Yesterday I was in my backyard and found one single ripe blackberry – weeks before it should be ripe. Mama always made a point of picking blackberries for me when I would visit in the summer, because she knew how much I loved them. I picked it by stepping over the wild violets that sprang up in my backyard the first year I lived here and have flourished – wild violets like my mother loved, and transplanted underneath the big maple tree in her yard.

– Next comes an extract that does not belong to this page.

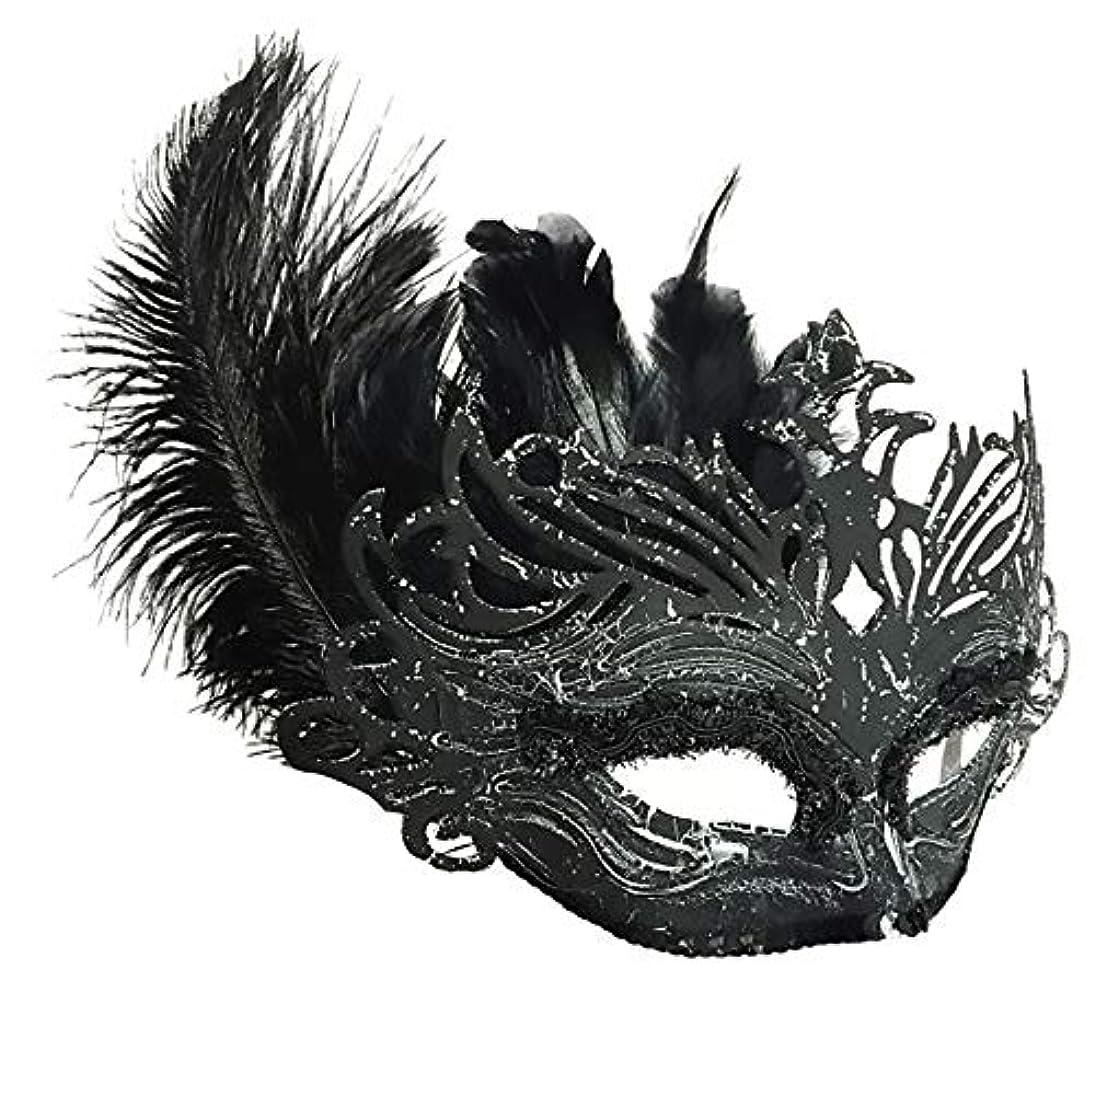 コイル雨の原稿Nanle Halloween Ornate Blackコロンビーナフェザーマスク (色 : 黒)
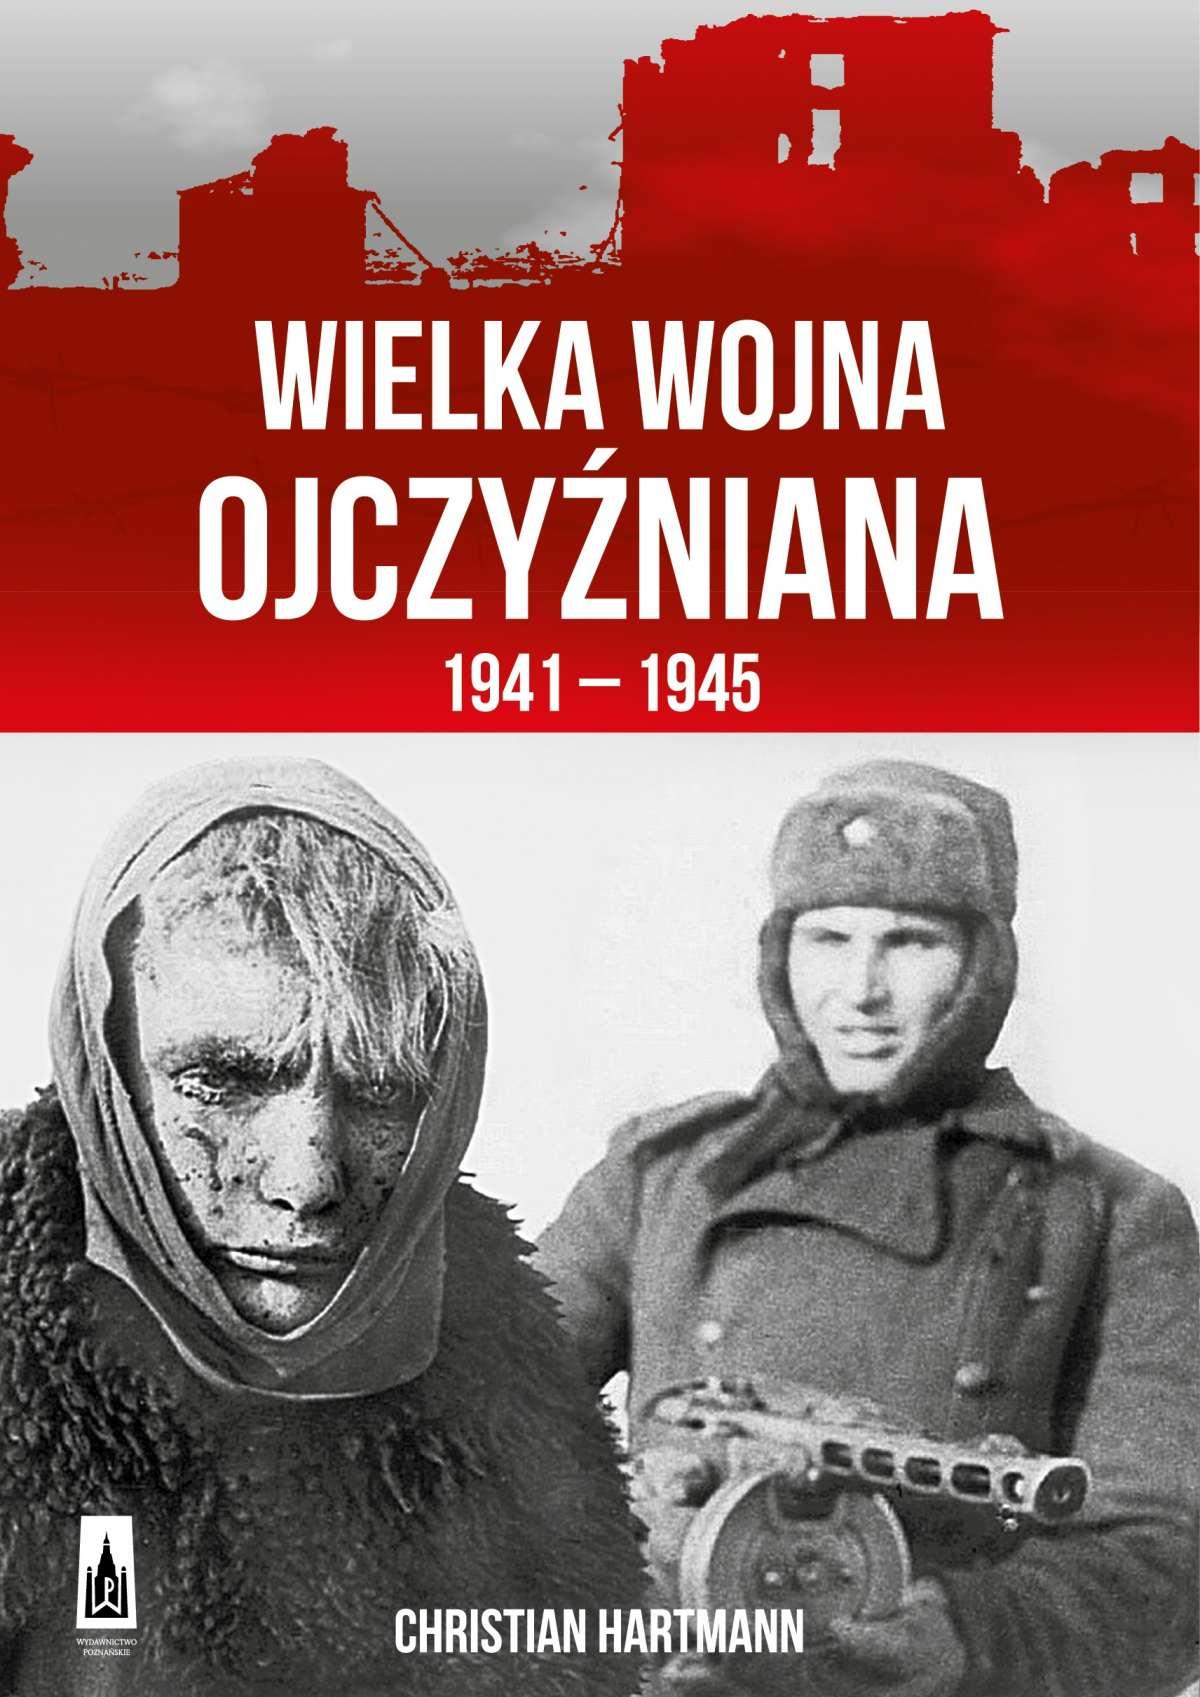 Wielka Wojna Ojczyźniana 1941-1945 - Ebook (Książka EPUB) do pobrania w formacie EPUB

Later in the day I went to a local market and for the first time happened to notice they carry the coconut candy my mother enjoyed. Mama loved coconut – coconut candy, coconut pie, coconut bon bons Sears sold from glass cases when I was young, and fresh coconut when she could get it. Maybe at this time of year in particular I’m just more aware of these reminders, or maybe at this time of year they’re just more plentiful. Regardless, I’m thankful for them. I think of her every day without any reminders, but they’re nice nonetheless.
Mama did her best to raise me well, but it was not a task she sought. I was one of those accidental pregnancies, more than two decades after her other children were born. She already had grandchildren when she found out she was pregnant with me – not a situation many people seek. I was incredibly lucky to have the benefit of her wisdom that had been gained with age.
I always felt my presence was a burden to her. Who knows how her life might have been different if I hadn’t been born. Life offers so many twists and turns. We can’t possibly foresee how things will turn out, and how they might have been different but for one small choice.
During the second world war, when my brothers were small, my parents moved to Detroit. Although they lived there only a few years, when Mama spoke of it I could tell it was a good time in her life. What prompted them to go in the first place? Or leave? I don’t have all those answers. Their lives would have certainly been different if they’d continued living there. I might not be here. We just never know those things.
We all make a million decisions – large and small – in our lives, that have far-reaching effects. And we are all mysteries, even to those who love us.